4.10 Prepayment. Credit Limit: Customer’s initial credit limit hereunder shall be $0.00 USD (the “Credit Limit”). If Customer’s billed and unbilled charges for the Services are projected to exceed its Credit Limit (based on Supplier’s measurement of Customer’s daily usage run rate), or does exceed, its Credit Limit, Supplier may, at any time require security of its choice from Customer in an amount equal to Customer’s projected Billing Cycle usage run rate as a condition to continuing to provide the services. Invoice/Due Date/Payment Requirements: Usage Charges shall be invoiced monthly. Invoices shall be sent electronically to Company’s specified email address listed in Service Order. All undisputed Usage Charges under this Agreement shall be due and payable by Company to 9Dash9, without demand, two (2) days after the invoice date (the “Due Date”). Payment of undisputed charges shall be in immediately available funds paid via wire transfer to the financial institution specified in Attachment Notification Information. Each Party shall be responsible for all transaction charges assessed by, or on behalf of, its own bank.

5. CUSTOMER CONDUCT

5.1 Prohibited Uses. Customer shall not use the Service or the 9Dash9 Equipment, directly or indirectly;

5.1.1 for any unlawful purposes; use of the Service for transmission or storage of any information, data or material in violation of any United States federal, state or local regulation or law is prohibited, such limitation shall include, without limitation, posting or disseminating content which is obscene, unlawful, threatening, defamatory, or infringes upon the intellectual property rights of any third party;

5.1.2 to post, transmit or disseminate objectionable information, including, without limitation, any transmissions constituting or encouraging conduct that would constitute a criminal offense, give rise to civil liability, or otherwise violate any local, state, federal or international law or regulation;

5.1.3 to access any other person’s computer, software or data without the knowledge and consent of such person;

5.1.4 to upload, post, publish, transmit, reproduce, create derivative works of, or distribute in any way, information, software or other material obtained through the Service which is protected by copyright or other proprietary rights without obtaining permission from the owner(s);

5.1.5 to copy, distribute, or sub-license any software provided by 9Dash9 except that Customer may make one copy of each software program for back-up purposes only;

5.1.6 to service, alter, modify or tamper with the 9Dash9 Equipment or Service or permit any other person to do the same unless such person is authorized by 9Dash9 to do so;

5.1.7 to restrict, inhibit or otherwise interfere with the ability of any other person to use or enjoy the Service, including, without limitation, posting or transmitting any information or software which contains a virus or other harmful feature, or generating levels of traffic sufficient to impede others\’ ability to send or retrieve information;

5.1.8 to knowingly disrupt the Service;

5.1.9 to resell the Service or otherwise charge others to use the Service; the Service is for personal use only and Customer agrees not to use the Service for operation as an Internet service provider or for any other business enterprise in competition with the Service;

5.1.10 to connect the SIP gateway to any computer outside of Customer’s Premises;

5.1.11 to allow or provide access to adult content material to anyone under the age of 18 years.

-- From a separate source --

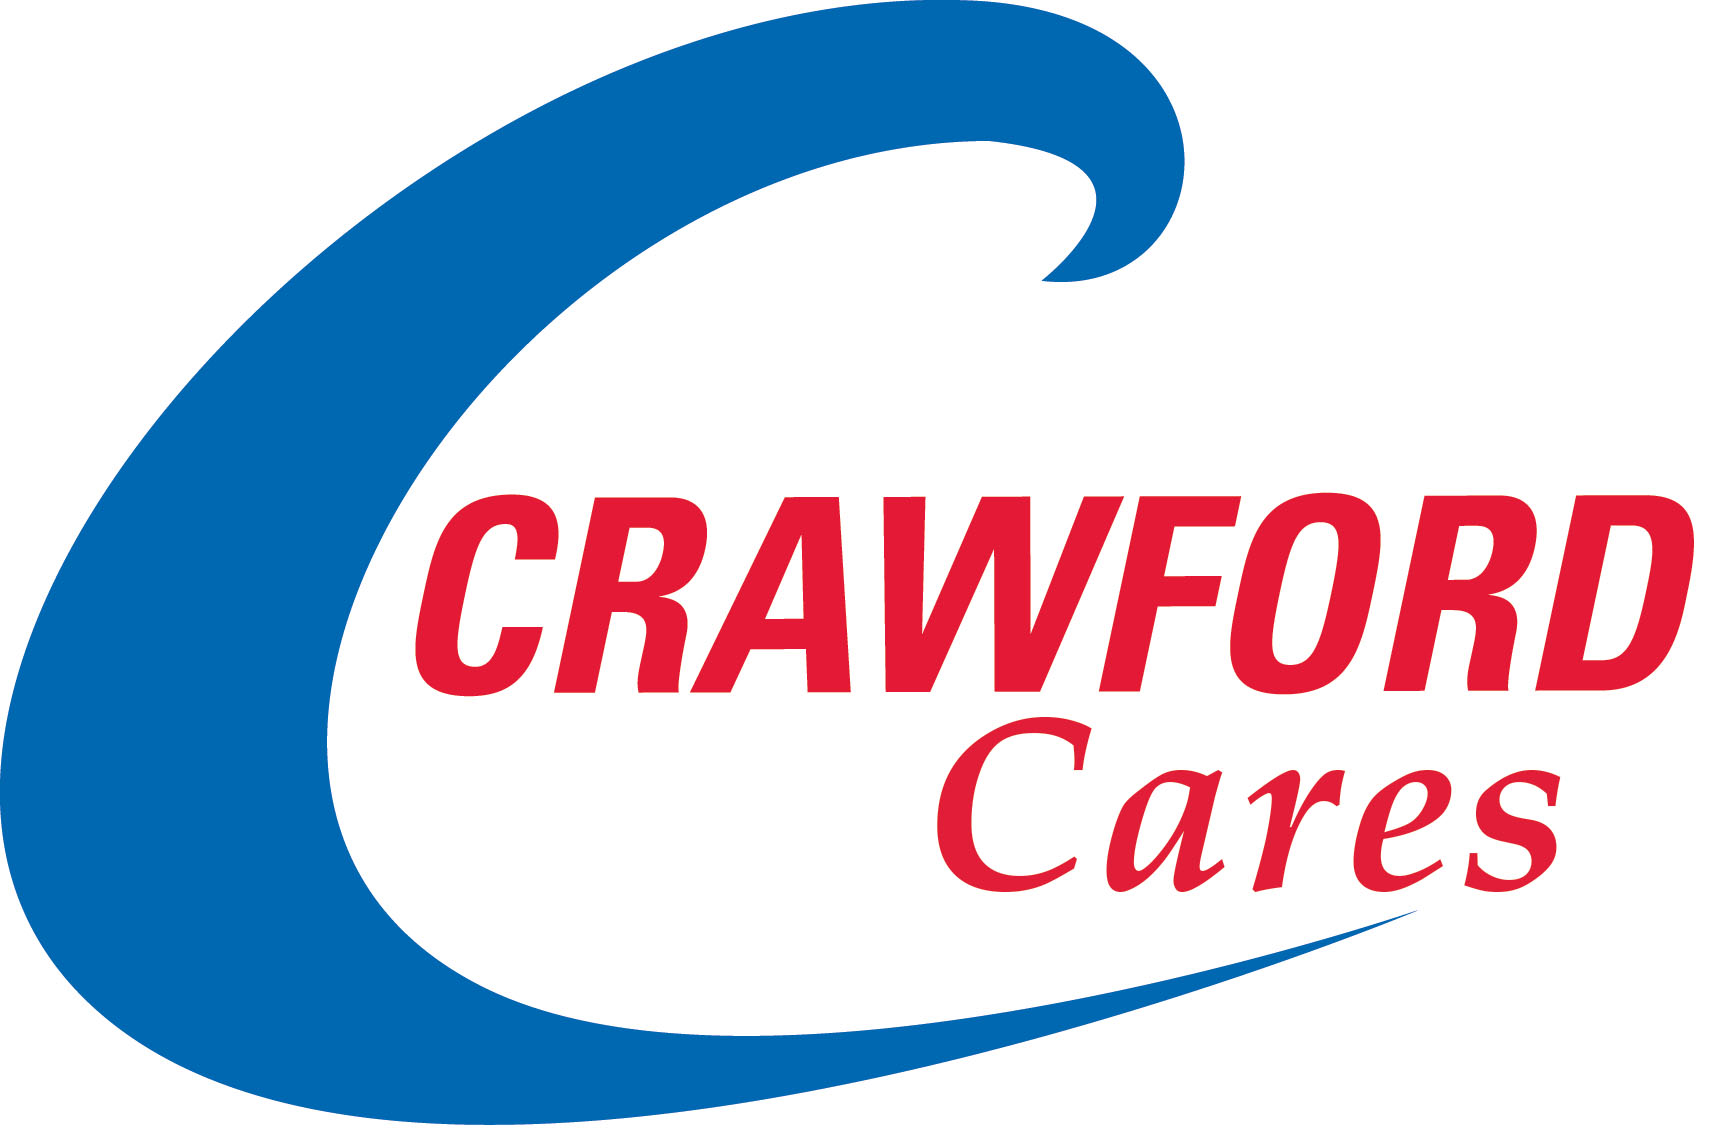 Crawford cares logo full color

5.1.12 Fair Usage Policy. Calls to land lines and mobile devices are included in your subscription and subject to a fair usage limit of 1,000 minutes per subscriber line (sip trunk) per month. Upon exceeding the fair usage limit, 9Dash9 reserves the right to charge a rate of $0.015 per minute for any overages. In the case of US only bundled trunking services, rates (outside the U.S. and Canada) are charged at the current international rates listed at 9dash9.com/rates as applicable. 9Dash9 reserves the right to change this fair usage policy at any time. Your continued use of your subscription after expiry of the 30-day period shall constitute your acceptance to be bound by the terms and conditions of the 9Dash9 fair usage policy.

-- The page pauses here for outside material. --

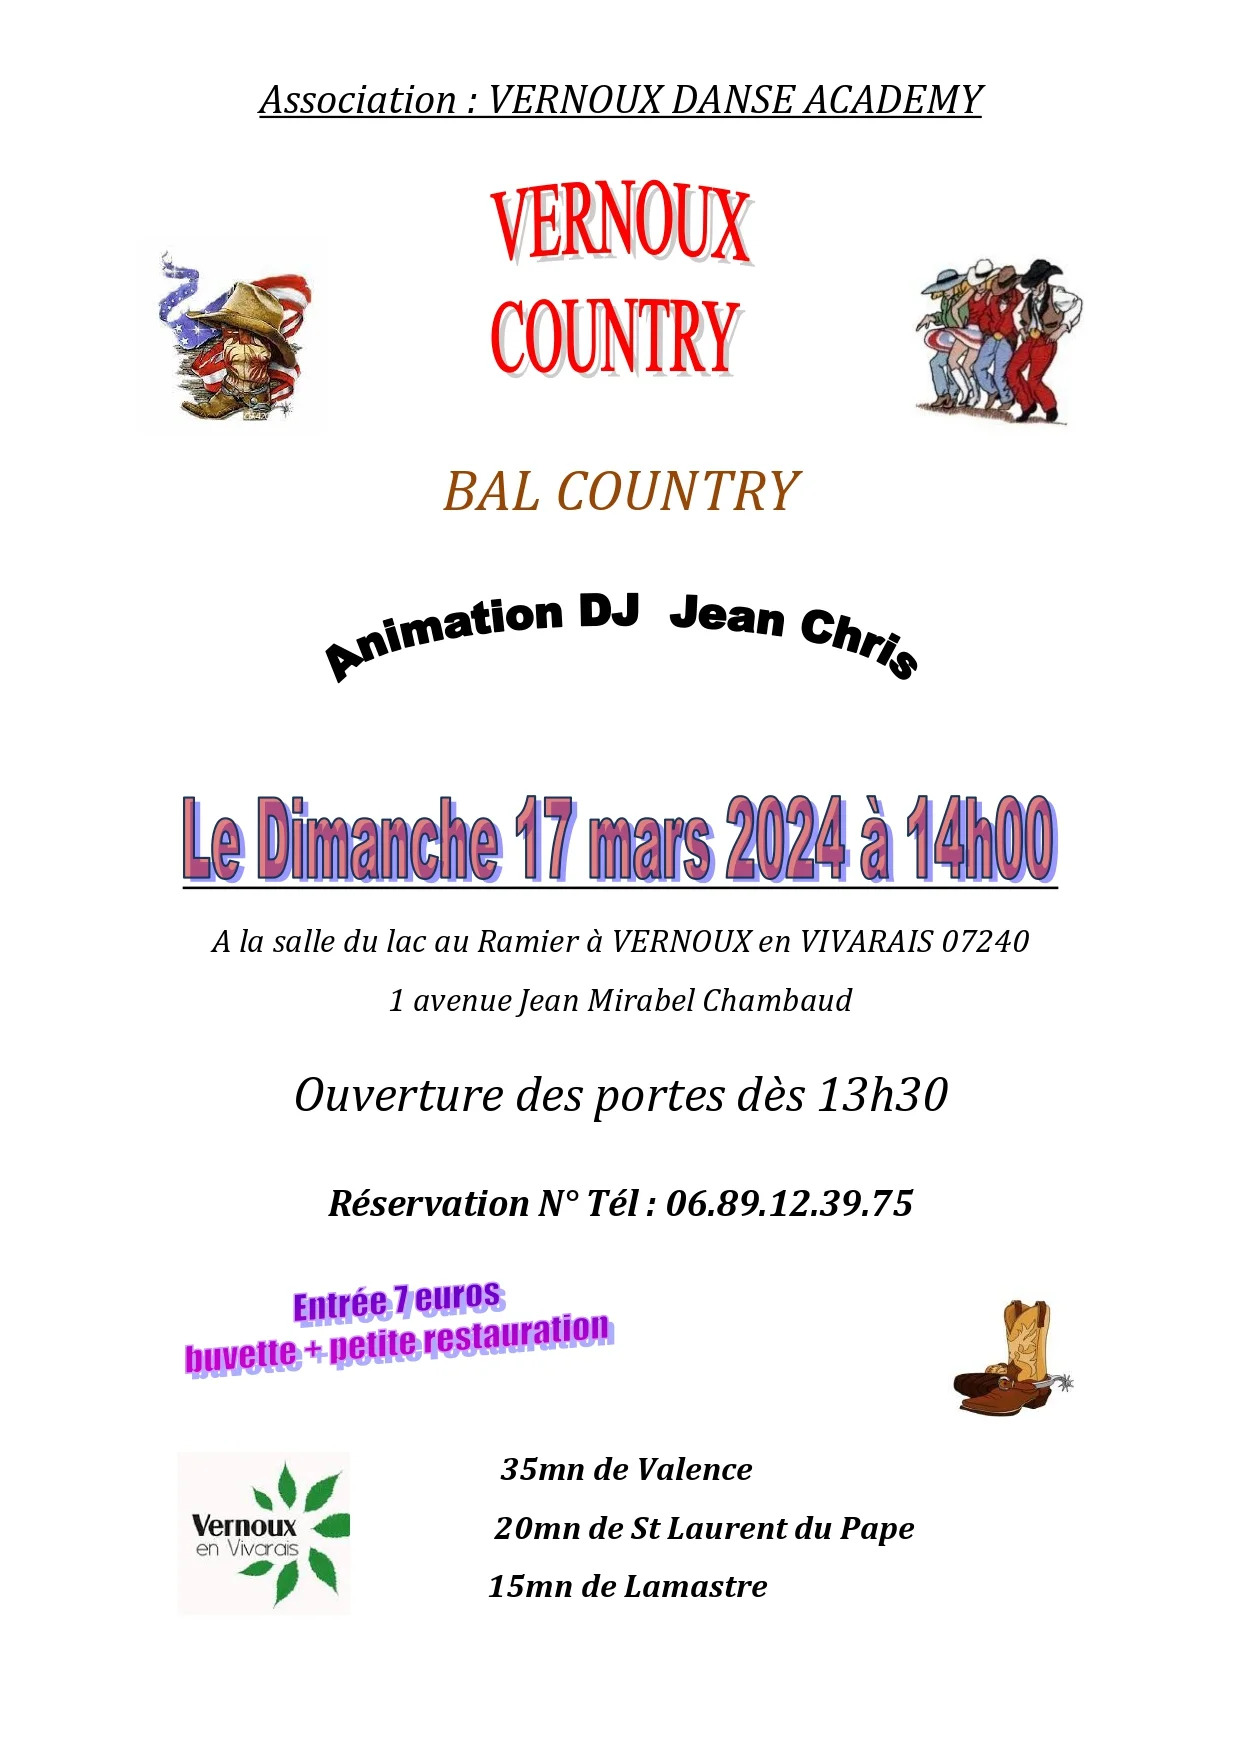 Alle leuke evenementen! : Bal country

5.1.13 Call Flooding. To protect the integrity if its network, 9Dash9 may in its reasonable discretion, and without liability for damages of any type to Customer, its affiliates or End Users, temporarily block duplicate or repeated numbers dialed in succession, where 9Dash9 considers the number of attempts to be potentially harmful to the network. Termination. 9Dash9 reserves the right to immediately terminate this Agreement and the Service if Customer engages in any of the activities listed in Section 5.1 above or if Customer uses the Service or 9Dash9 Equipment contrary to any other 9Dash9 policy. Copies of such policies may be posted online at www.9Dash9.com.

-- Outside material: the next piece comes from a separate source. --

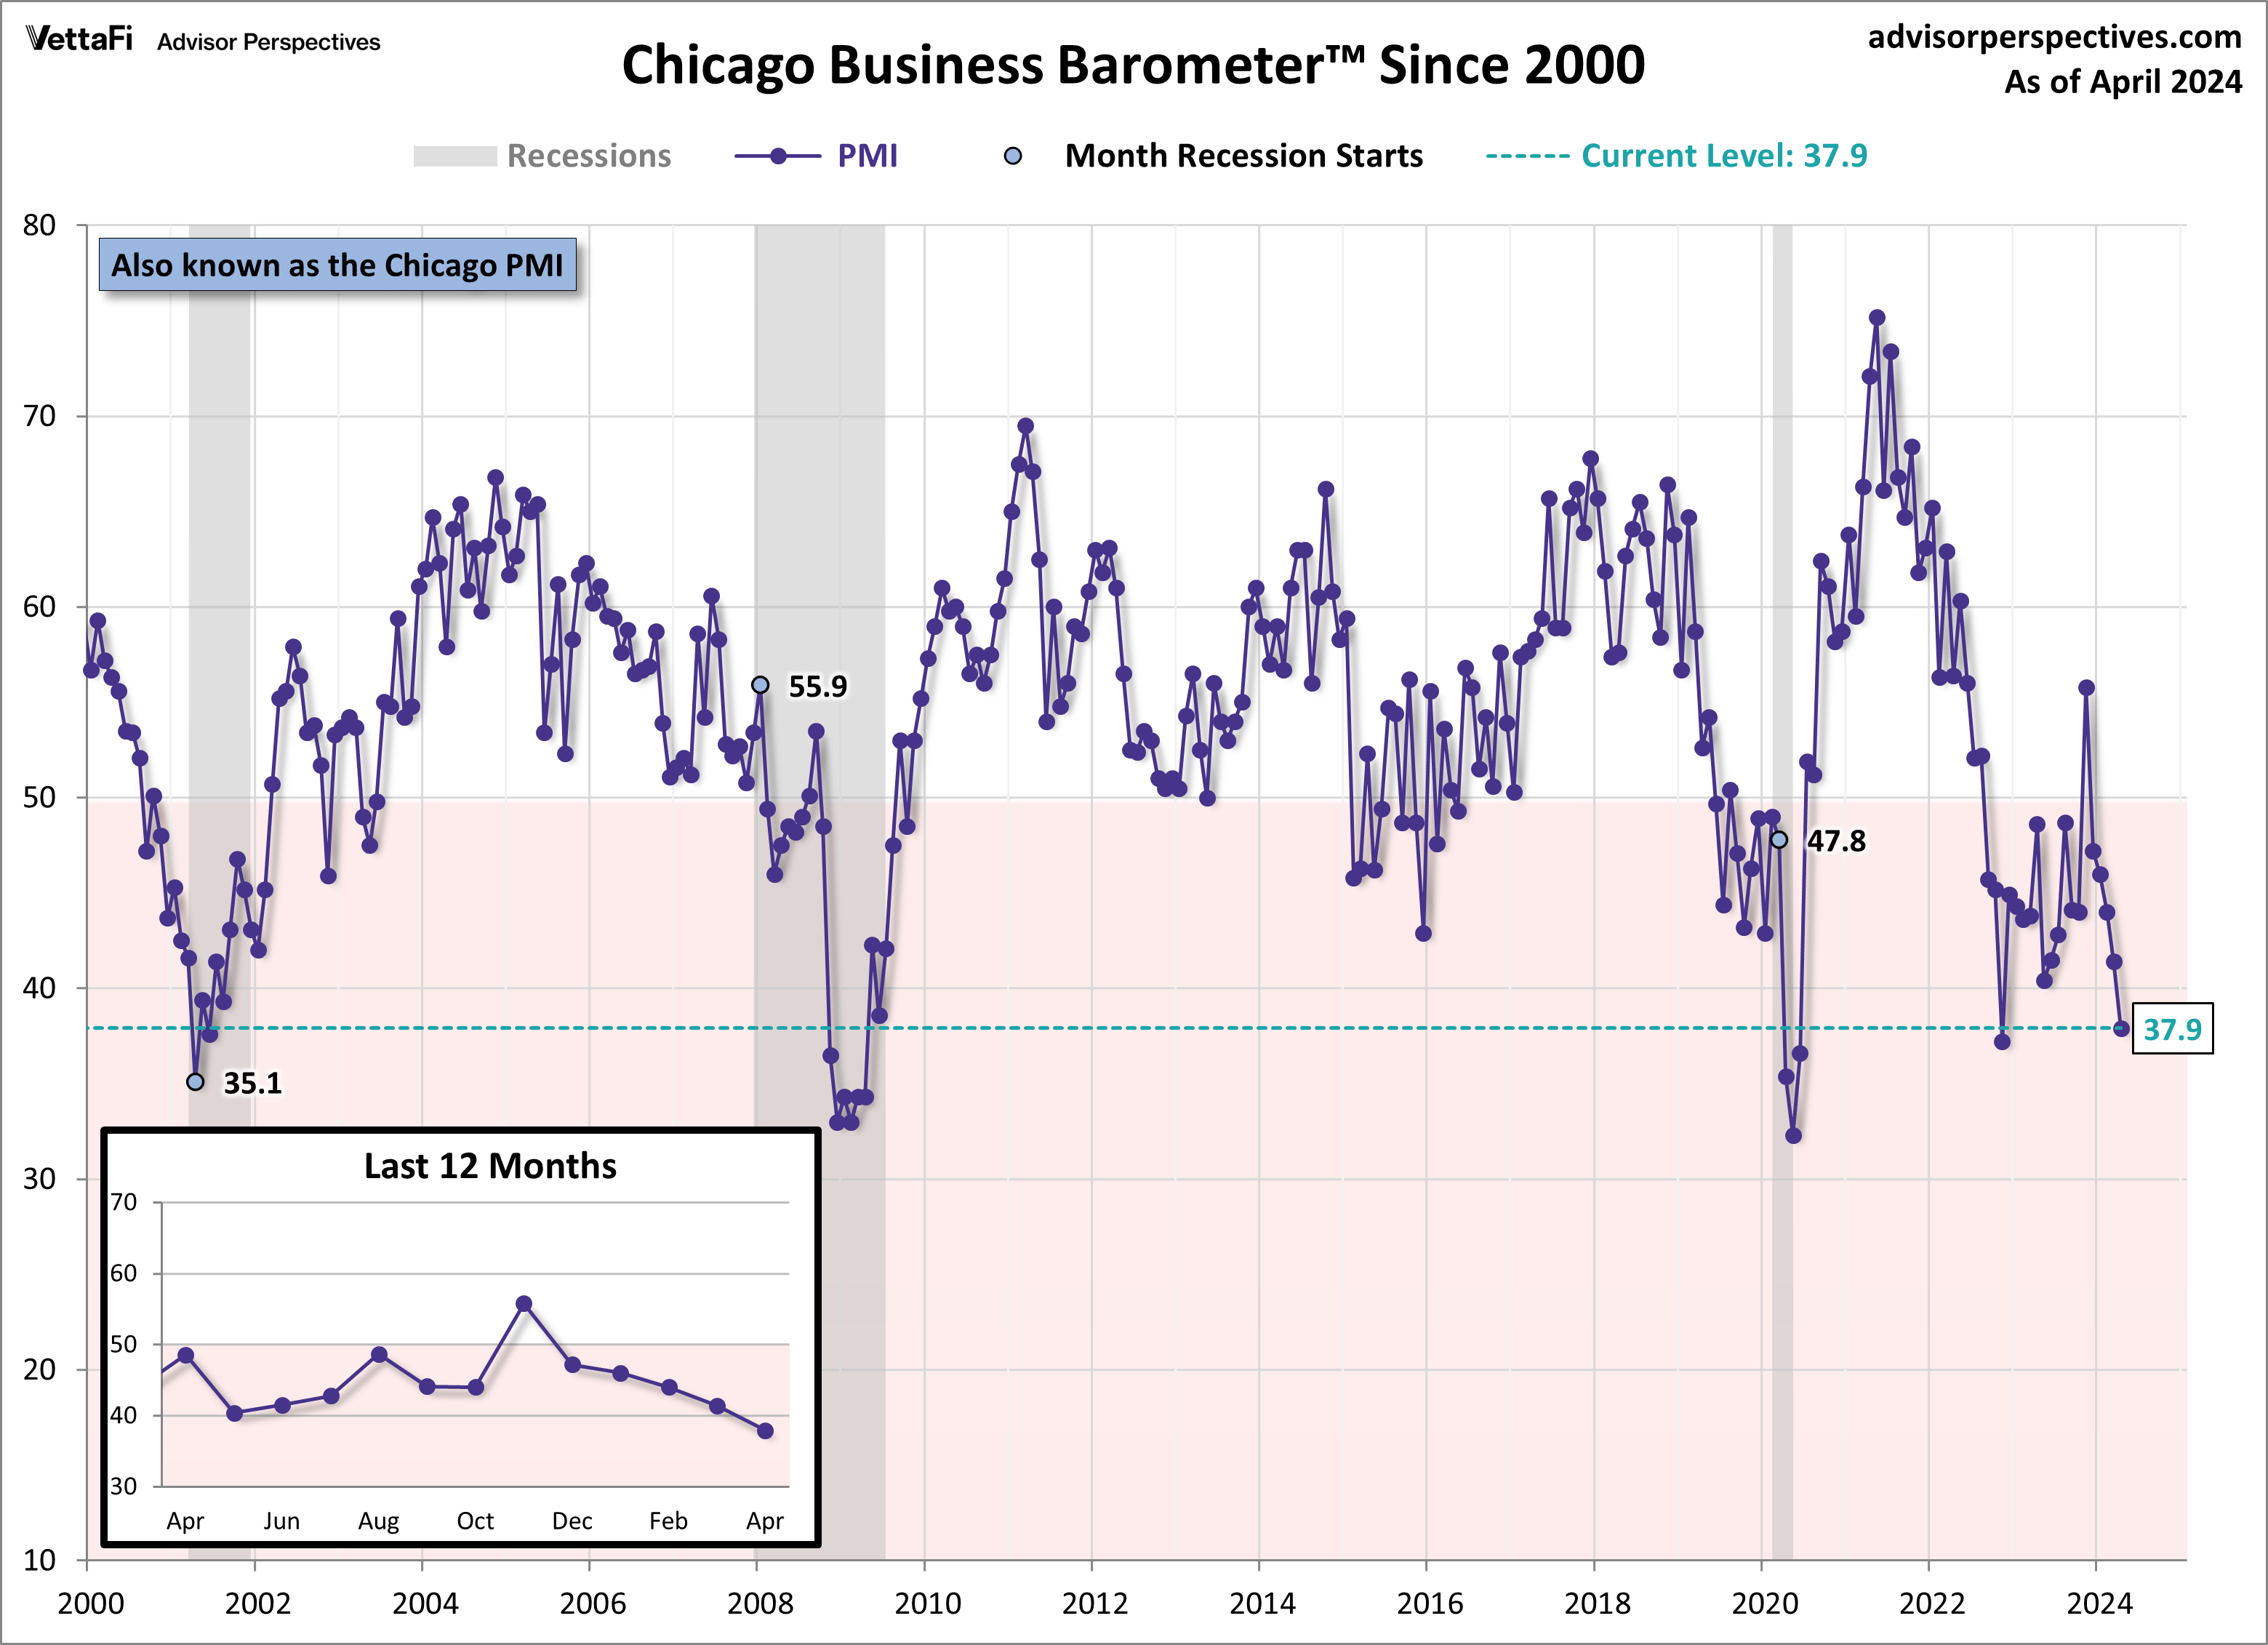 Chicago PMI since 2000

5.2 This Section shall in no way limit 9Dash9 rights of termination pursuant to Section 7.2 of this Agreement. Customer agrees to indemnify, defend and hold harmless 9Dash9 against all claims and expenses (including reasonable attorneys’ fees) resulting from Customer’s use of the Services, including, without limitation, the activities listed in Section 5.1 above, or from any other violation of 9Dash9 policies by Customer. This provision shall survive the expiration or other termination of this Agreement.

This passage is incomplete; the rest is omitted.